I live alone and work during the day. Even when I am home, since I live at the top floor of my building, taking her out often is very inconvenient.

She's in her ex-pen during the day. I put water bowl, a pee pad, her crate and toys inside. When I get home I let her roam around kitchen and living room. I still put a pee pad at the same location (with the pen open). Often she shreds/tears the pad. 

So far I tried to put some of her urine on the pad. Also whenever I catch her peeing in the house, I lift her up and put her on the pad. I clean the carpet and the floor with an enzyme cleaner to remove the odor. But she doesn't seem to get the idea yet. I was also thinking about using a training spray but was discouraged by many reviews saying that it just stinks and doesn't work well. 

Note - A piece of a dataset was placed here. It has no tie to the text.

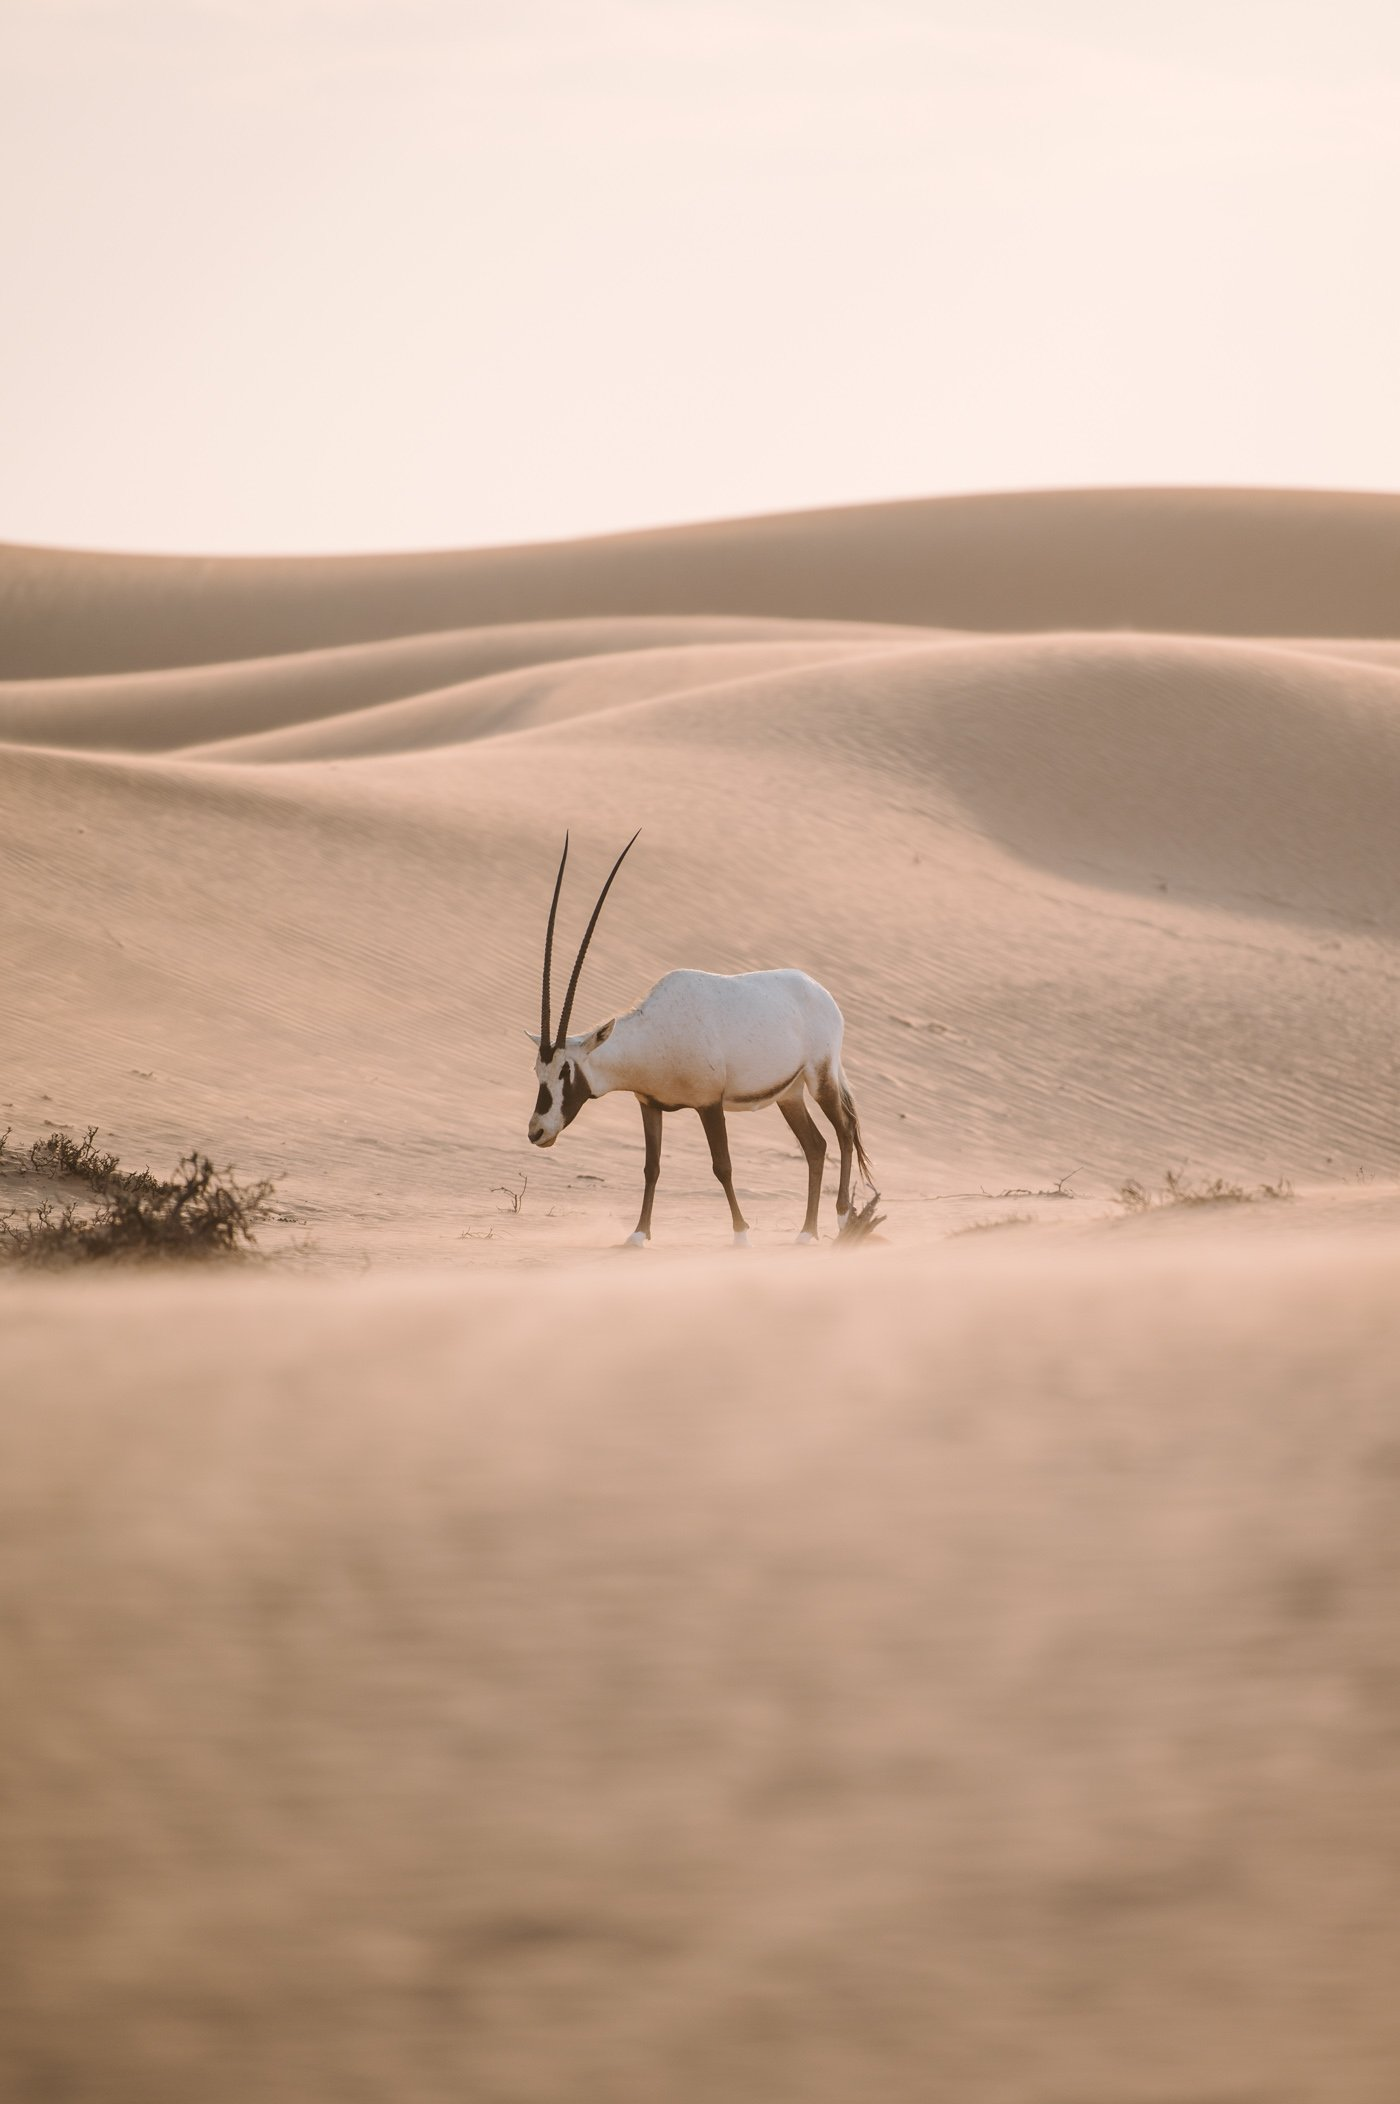 Arabian Oryx in the desert of Dubai

Because she was completely housebroken, I understand her behavior but now she has to be indoor trained. She is not a puppy, so I understand training her may take more time, but I didn't expect to have issues even after a few weeks (almost a month actually). 

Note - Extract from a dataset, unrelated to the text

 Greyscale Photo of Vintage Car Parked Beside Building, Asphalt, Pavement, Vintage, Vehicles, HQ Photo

What should I do? I am very frustrated and desperate. She's a total lovebug and I don't want to lose her because of potty training failure. Please help. Thank you.


----------



## Hallie (Nov 9, 2008)

I've never been a fan of pee pads, and I've heard from many that they don't work. 

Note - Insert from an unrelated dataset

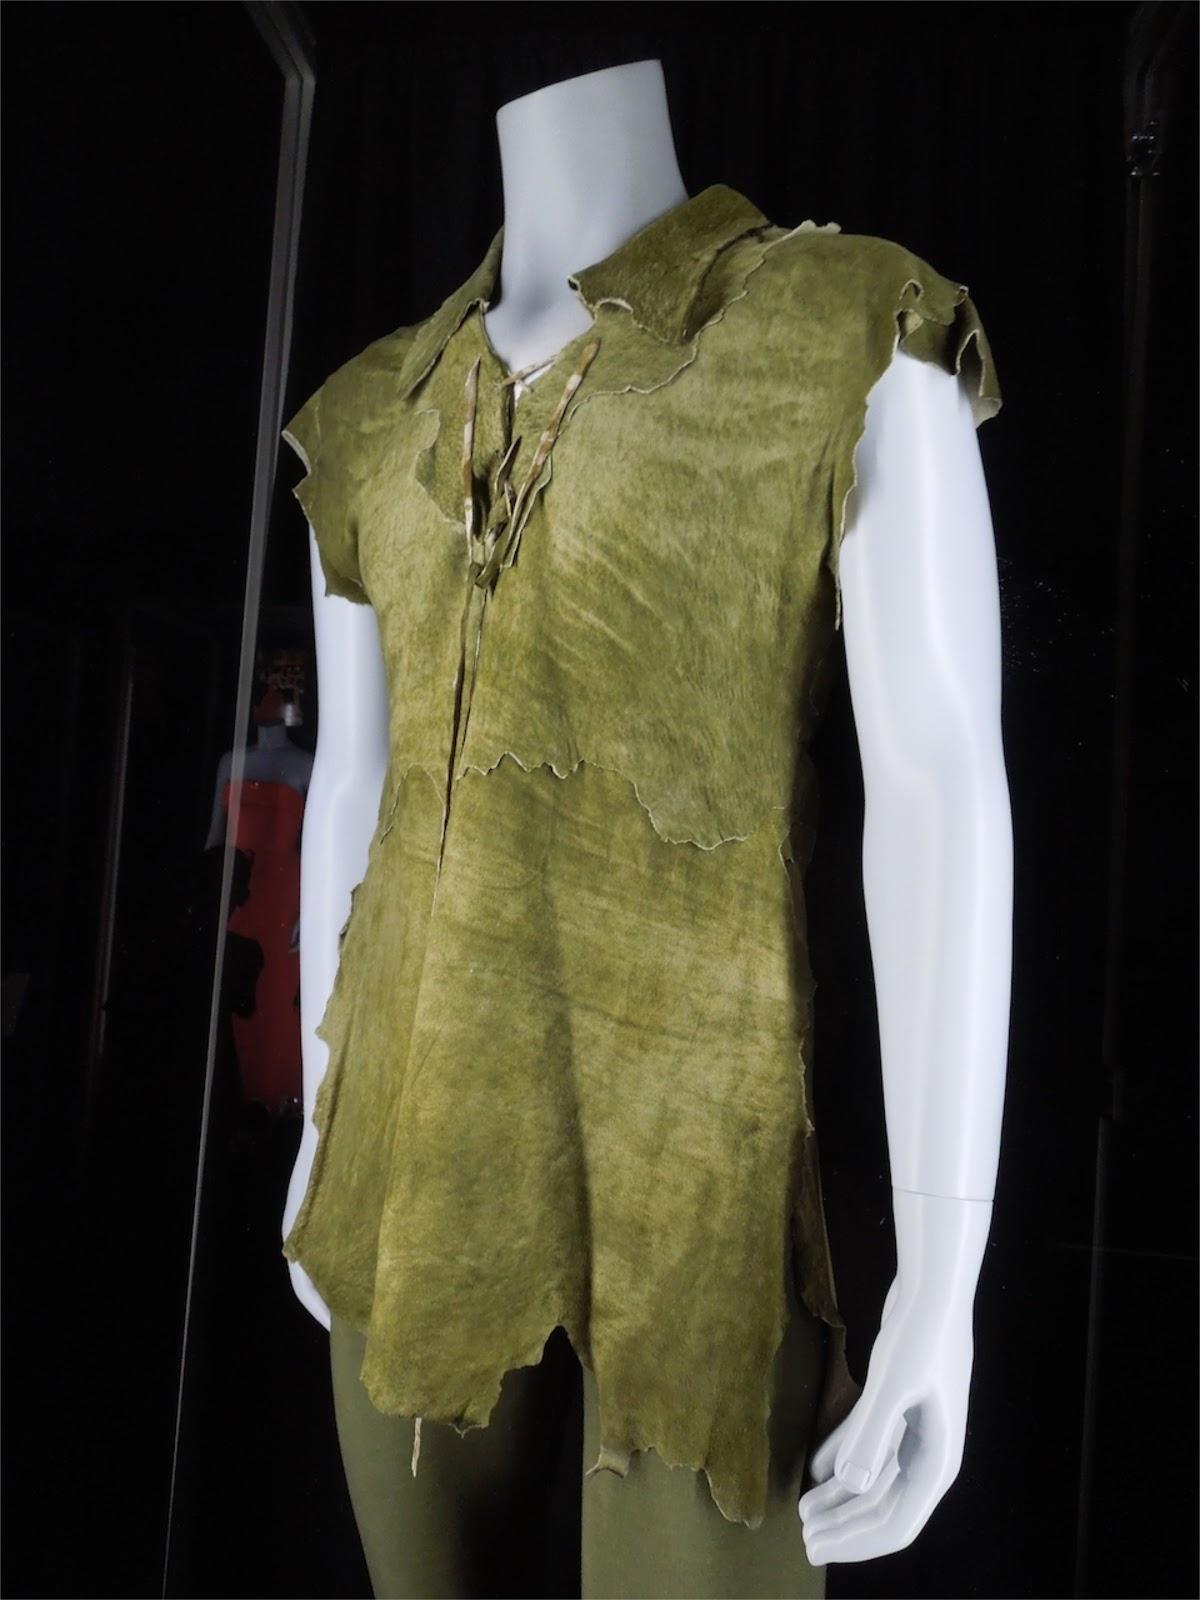 http://1.bp.blogspot.com/-kI_ye2ws2_0/UOsiBAv6rwI/AAAAAAAA9ok/p2sJfKNg7xs/s1600/Baryshnikov+Peter+Pan+costume.jpg

She's trained to not go in the house. She doesn't understand the concept of a pee pad, to her it is the same as peeing on the floor. I have no advice on training an adult house trained dog to go on a pad. You're essentially teaching her to do something she's gotten in trouble for and knows not to do. It'll be difficult. 

As for it being 'inconvenient' to take her out, dogs aren't always convenient. Not to sound harsh, but you should have thought about her most basic needs before you made the decision to get her. 

I hope it works out for you.


----------



## Canyx (Jul 1, 2011)

Maybe you can try another indoor device that mimics the outdoors? I've heard of fake grass mats and things of that nature, though I've never used them.

If you're hellbent on using potty pads it will be hard but I don't think it's impossible.
If her bowel movements outside are predictable, you can try having a manageable size of the training pad with you and put it down when it looks like she's about to use the bathroom. Reward and praise heavily when she goes on it. Eventually you might be able to just put the pad down OUTSIDE and she'll go on it. And then you can slowly move it towards buildings then into buildings, etc.
It would also help to have 'pee' and 'poop' on some sort of cue. This doesn't mean you'll be able to just say it and have her do it wherever you want, but rather it would help her better understand what you want from her. 

All this said, I do agree that just taking her out is the best solution. Even if you live on the top floor, since she is an adult dog it's not like you need to constantly take her outside. Once in the morning when she wakes up, before you go to work. Once when you come home. Once before bed.


----------



## davec (Oct 11, 2012)

Thanks. I try to be a responsible owner and I did think about the living arrangement and also discussed it with my friend before I got her. We agreed that it can be worked out. And I am still hoping that we made a right decision. 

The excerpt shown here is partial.